*Task directions*. No line before the one holding "3-Sets: Men's Winter" is to be copied; that line and all after it, through the end of the listing, are returned exactly, minus pictures.

◆ ◆ ◆ ◆

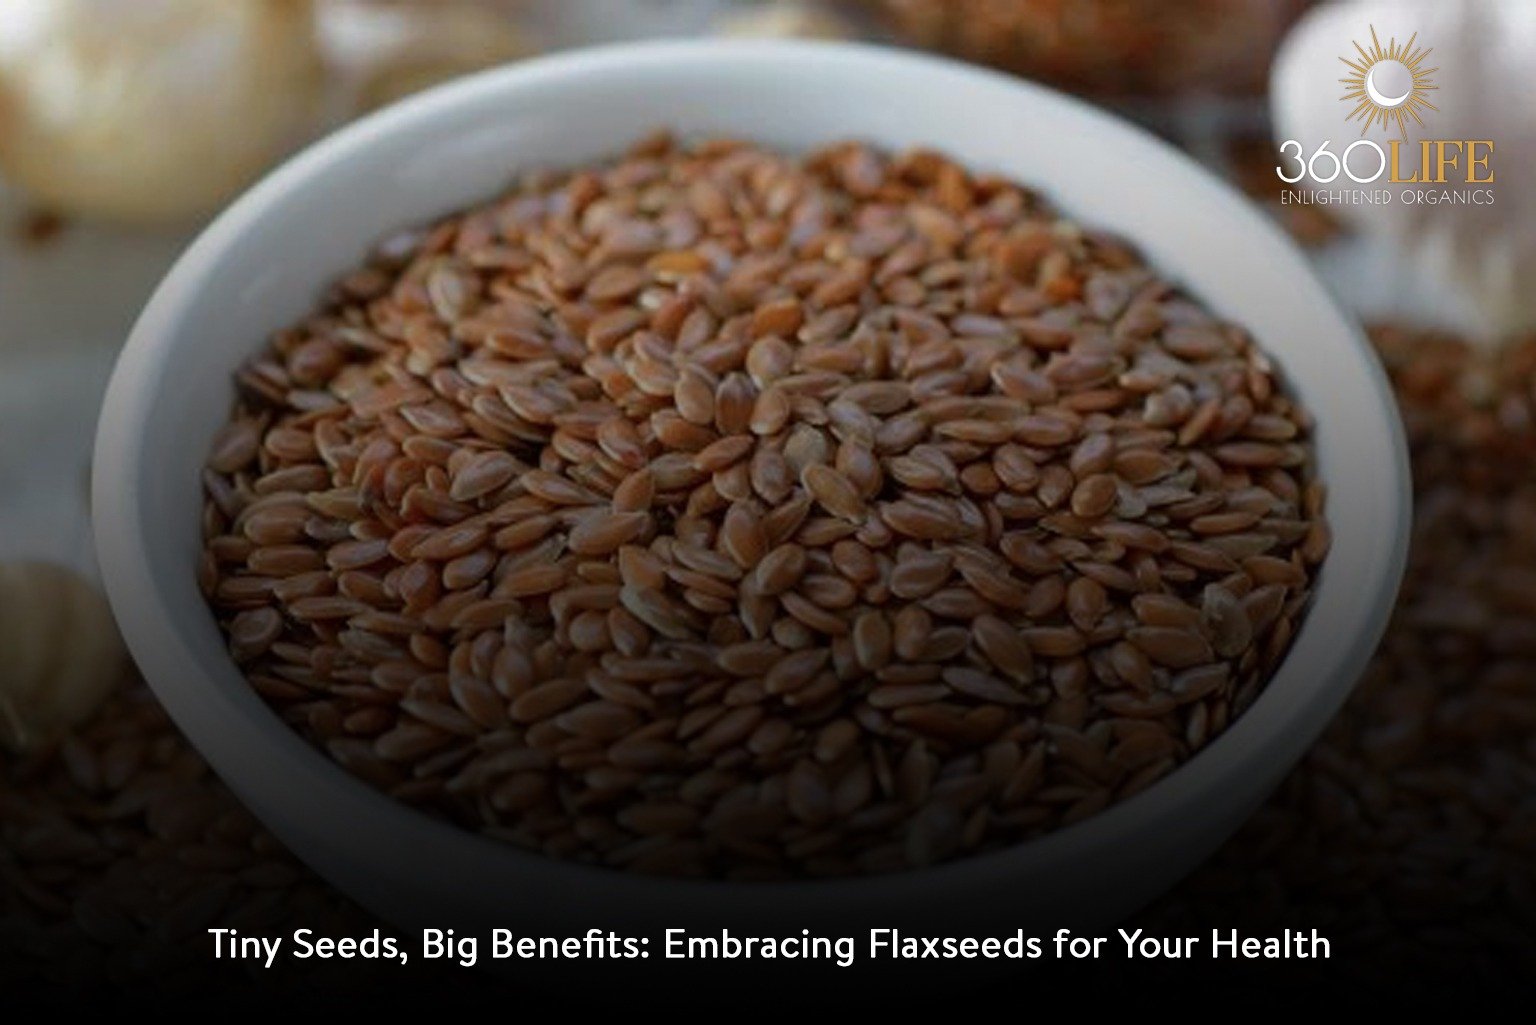 Tiny Seeds, Big Benefits: Embracing Flaxseeds for Your Health
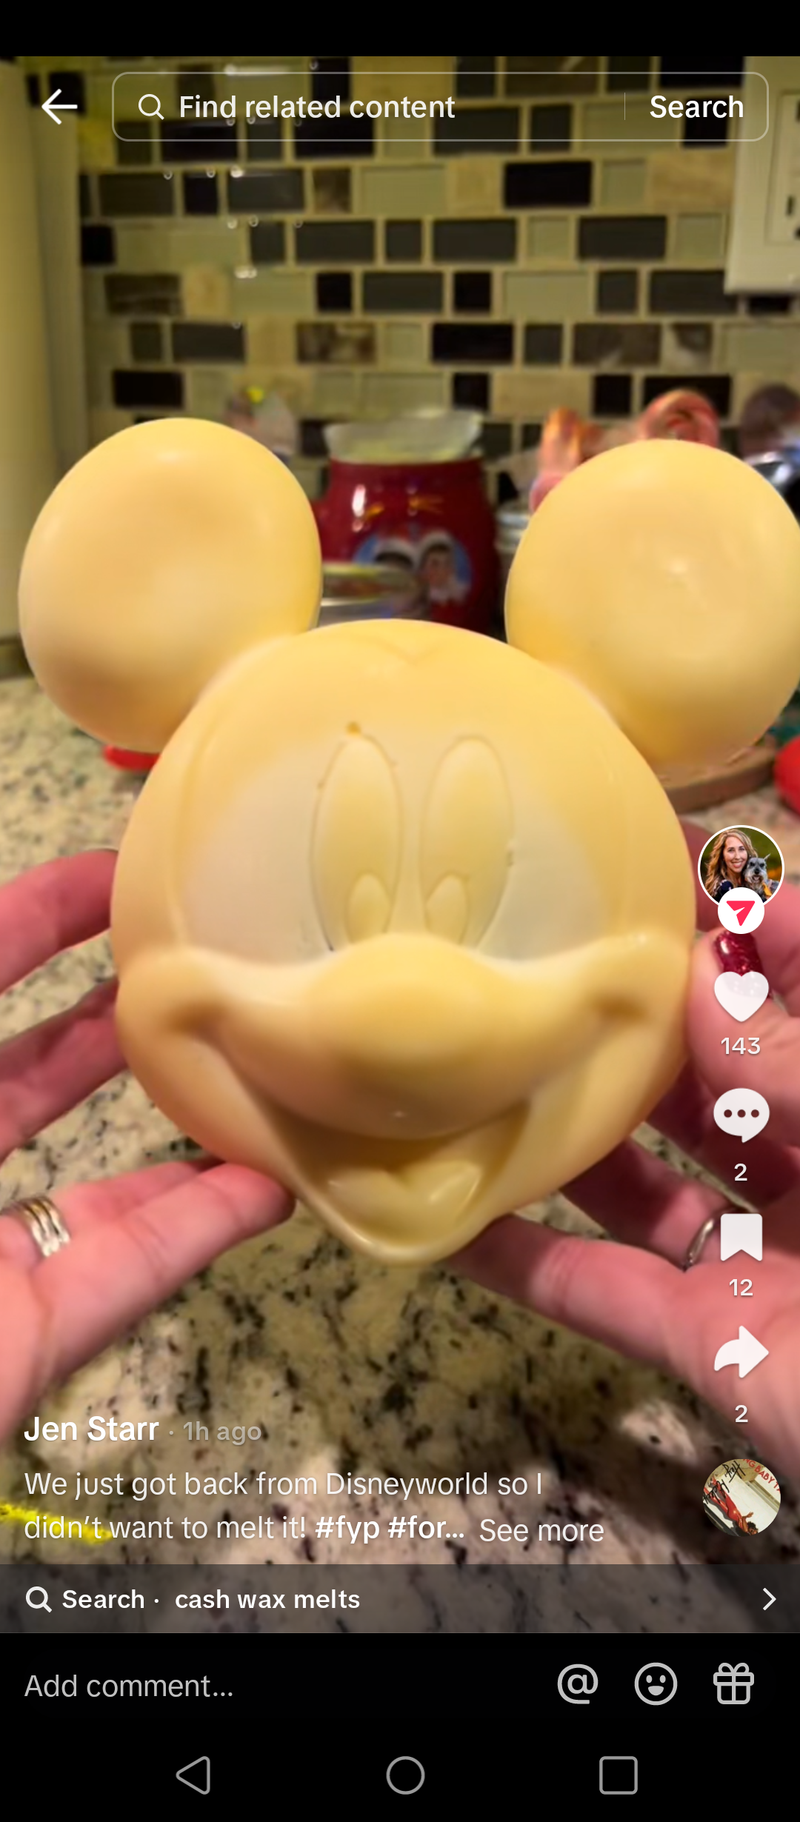 MICKEY MOUSE INSPIRED CASH WAX MELT (WORLDS LARGEST!)
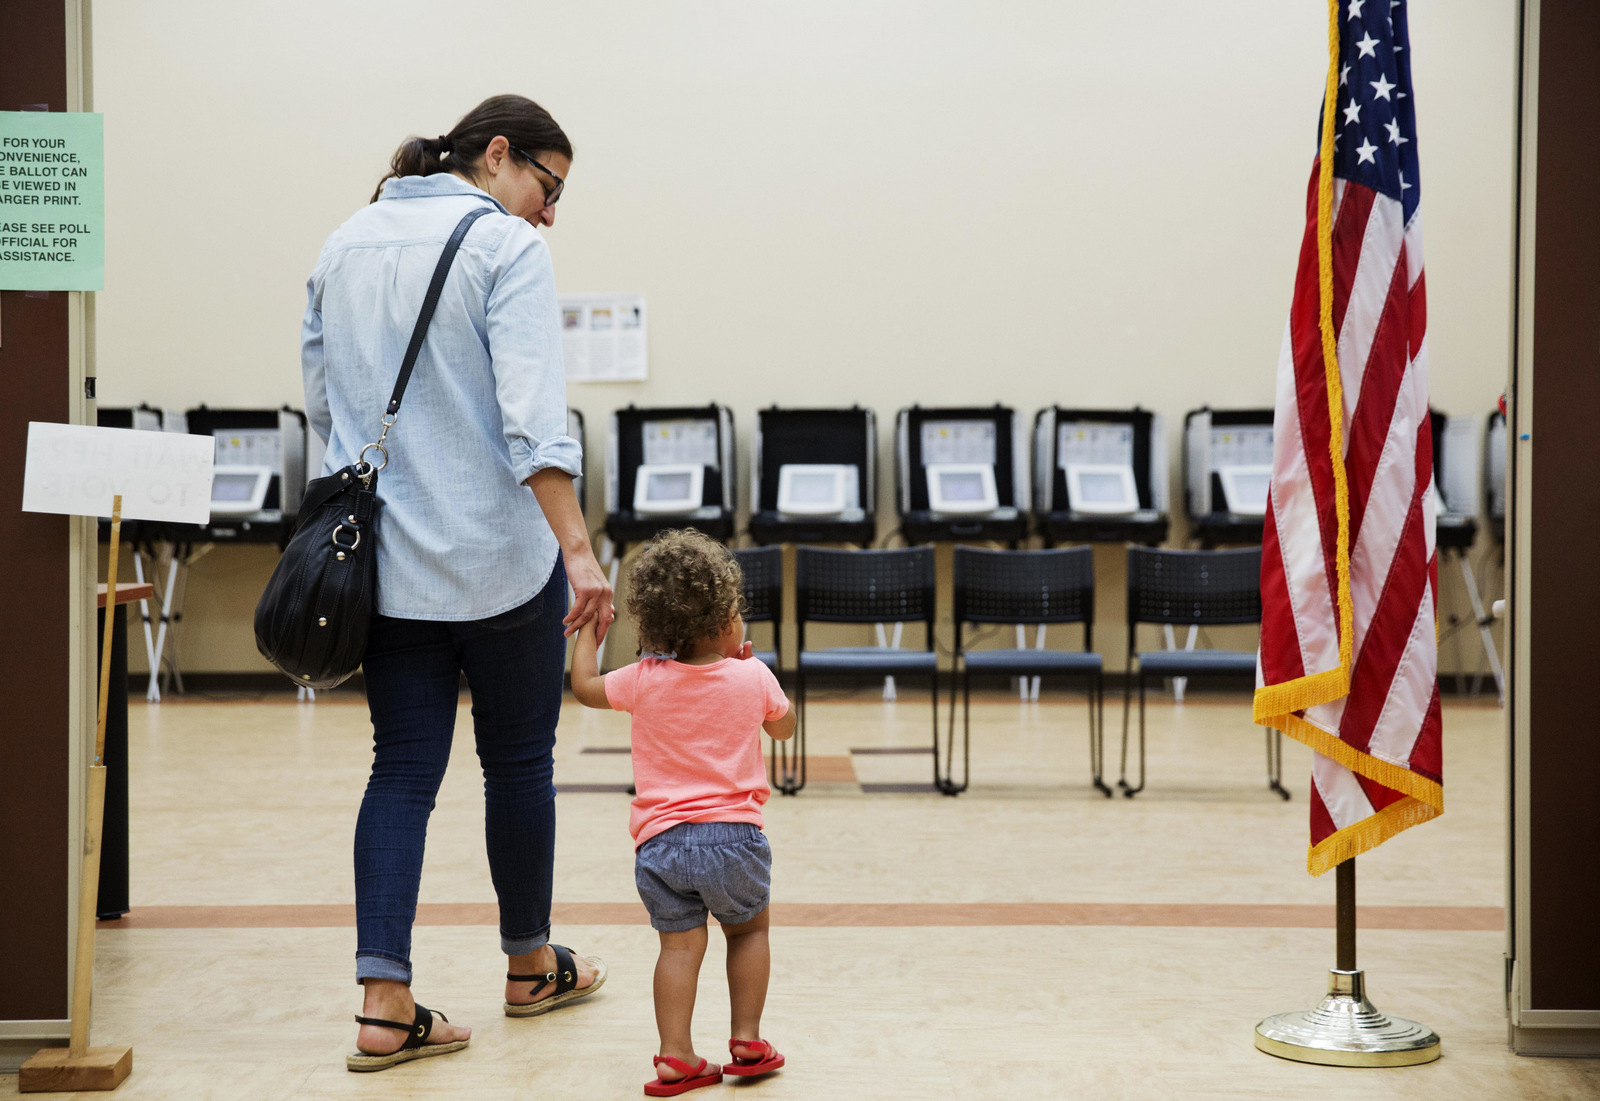 Melissa Painter walks with her daughter to vote in Georgia's 6th Congressional District special election at a polling site in Sandy Springs, Ga., June 20, 2017. (AP/David Goldman)
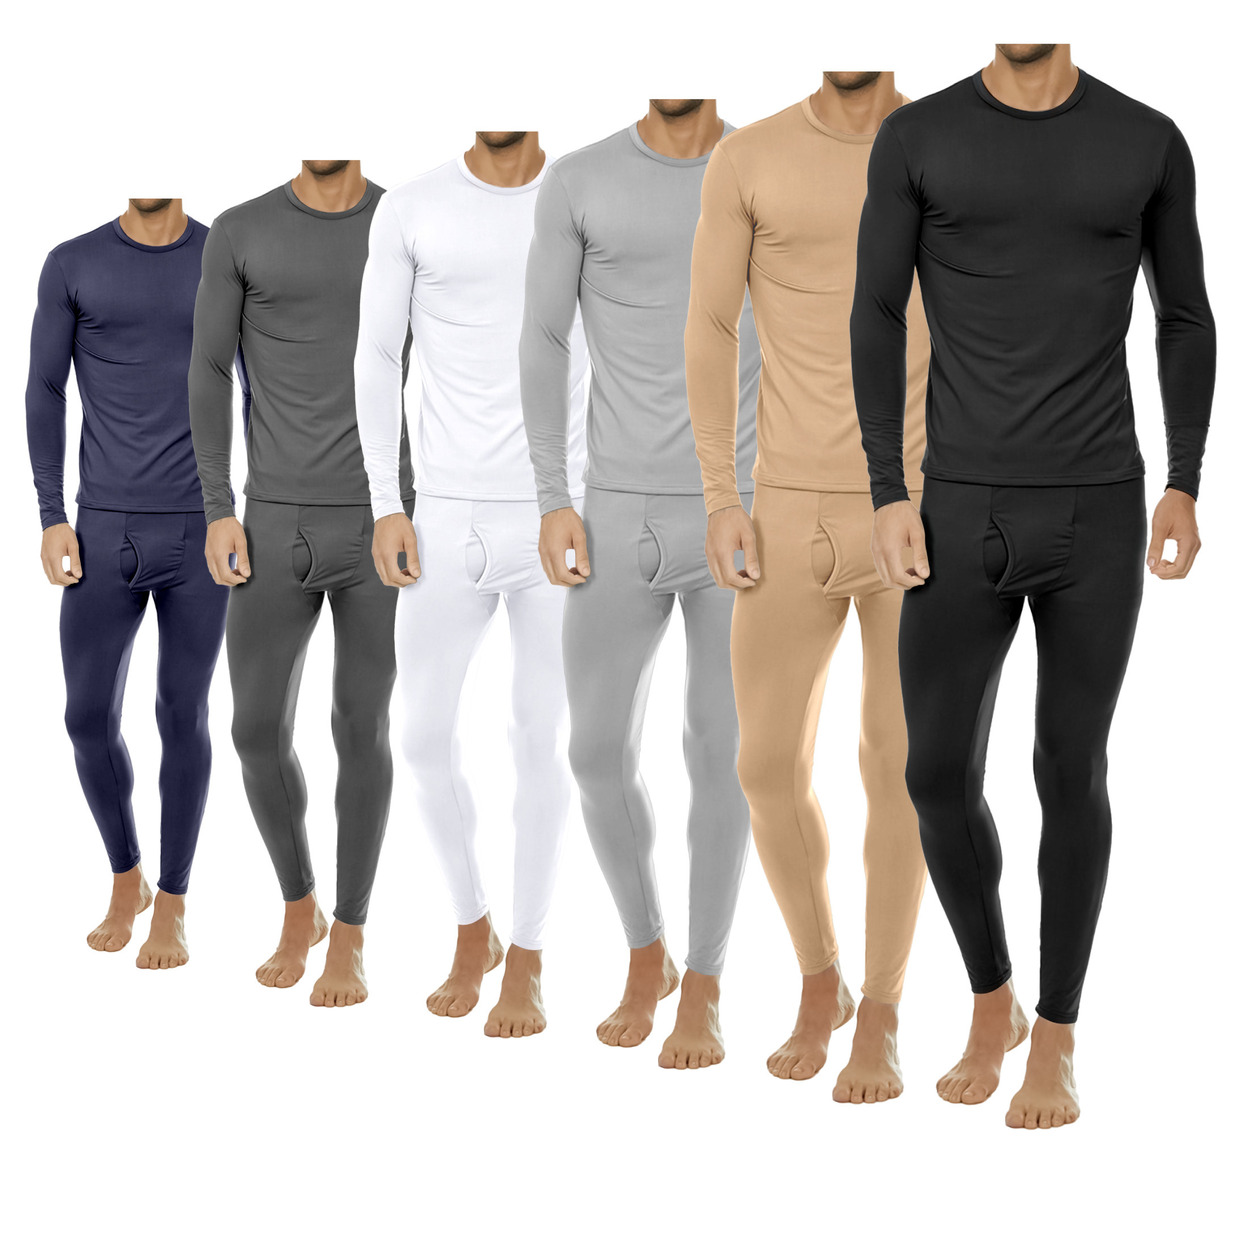 3-Sets: Men's Winter Warm Fleece Lined Thermal Underwear Set For Cold Weather - Small
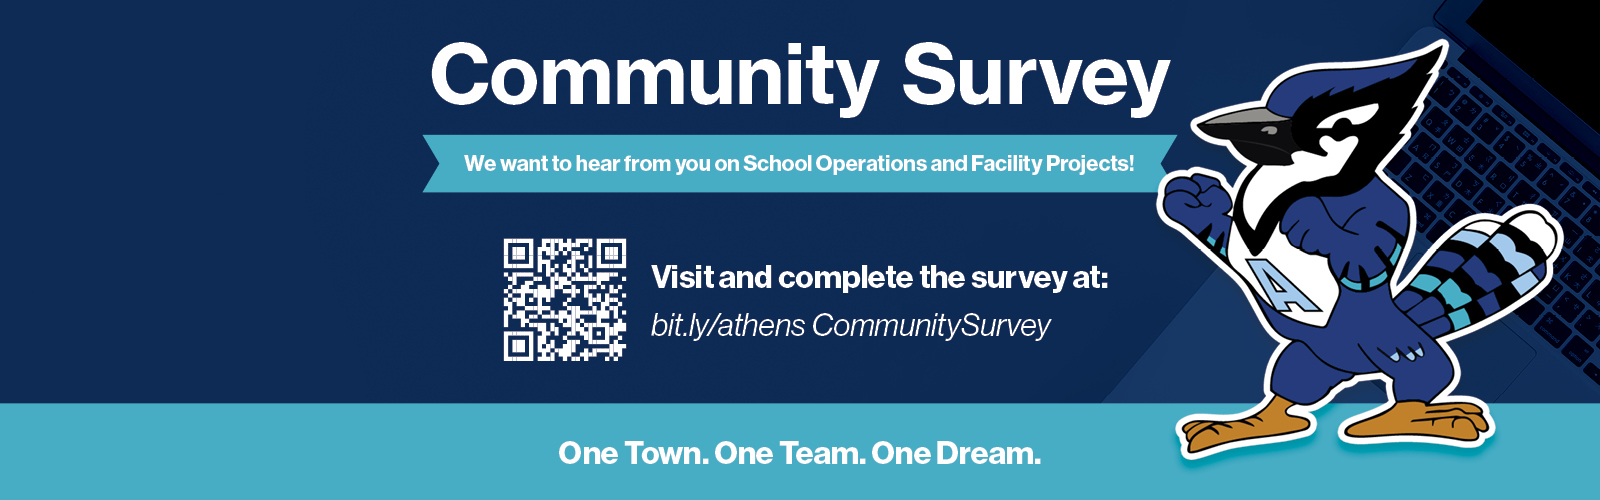 Community Survey - we want to hear from you on school operations and facility projects! visit and complete the survey at bit.ly/athenscommunitysurvey
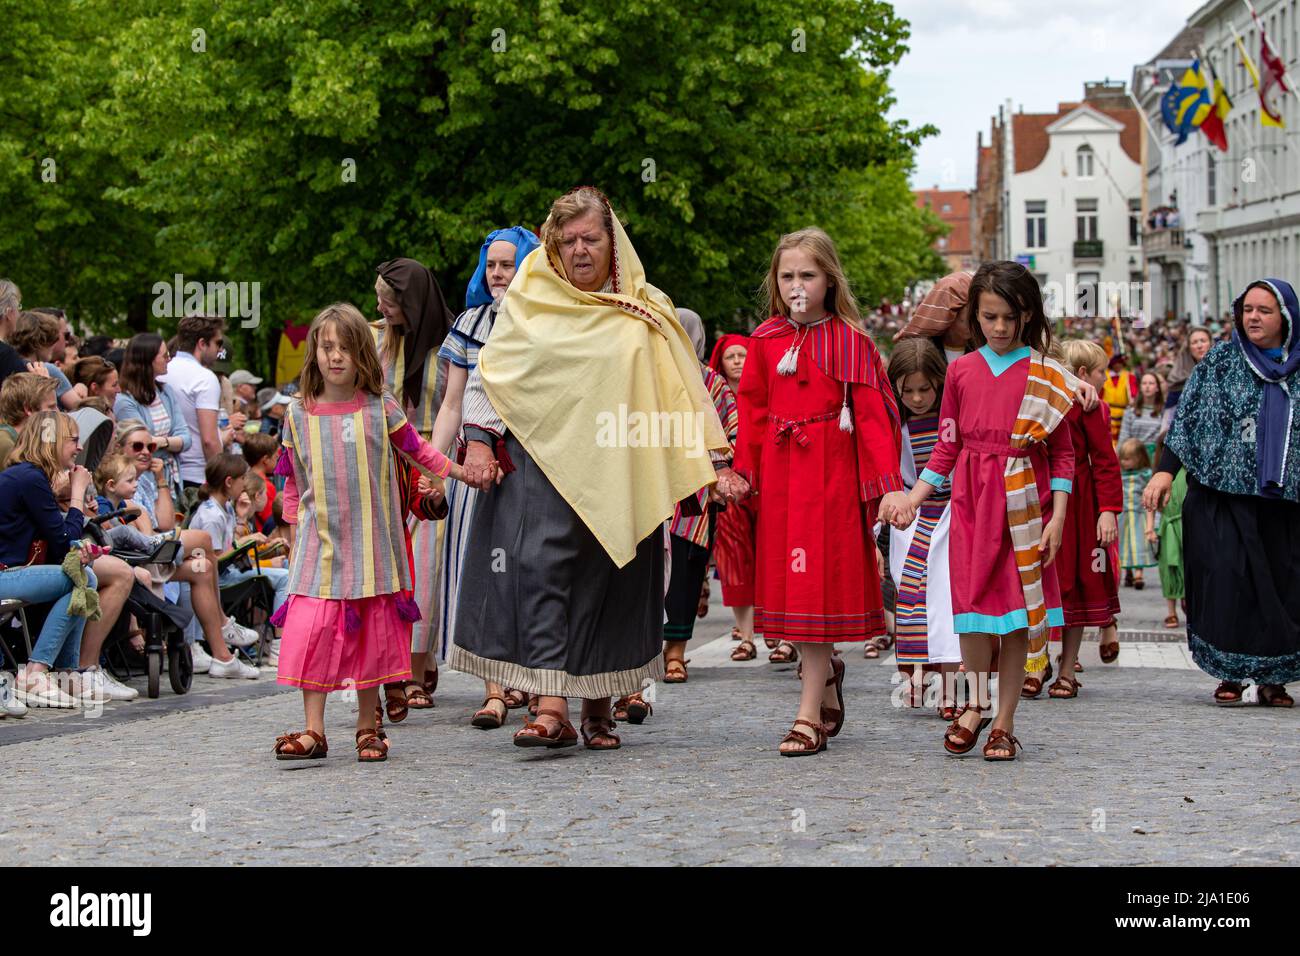 Illustration picture shows the Holy Blood Procession (Heilige Bloedprocessie - Procession Saint-Sang) event, on Thursday 26 May 2022 in Brugge. During Stock Photo

◆ ◆ ◆ ◆

*Answer section*.
 3-Sets: Men's Winter Warm Fleece Lined Thermal Underwear Set For Cold Weather - Small
 Community Survey - we want to hear from you on school operations and facility projects! visit and complete the survey at bit.ly/athenscommunitysurvey
 Illustration picture shows the Holy Blood Procession (Heilige Bloedprocessie - Procession Saint-Sang) event, on Thursday 26 May 2022 in Brugge. During Stock Photo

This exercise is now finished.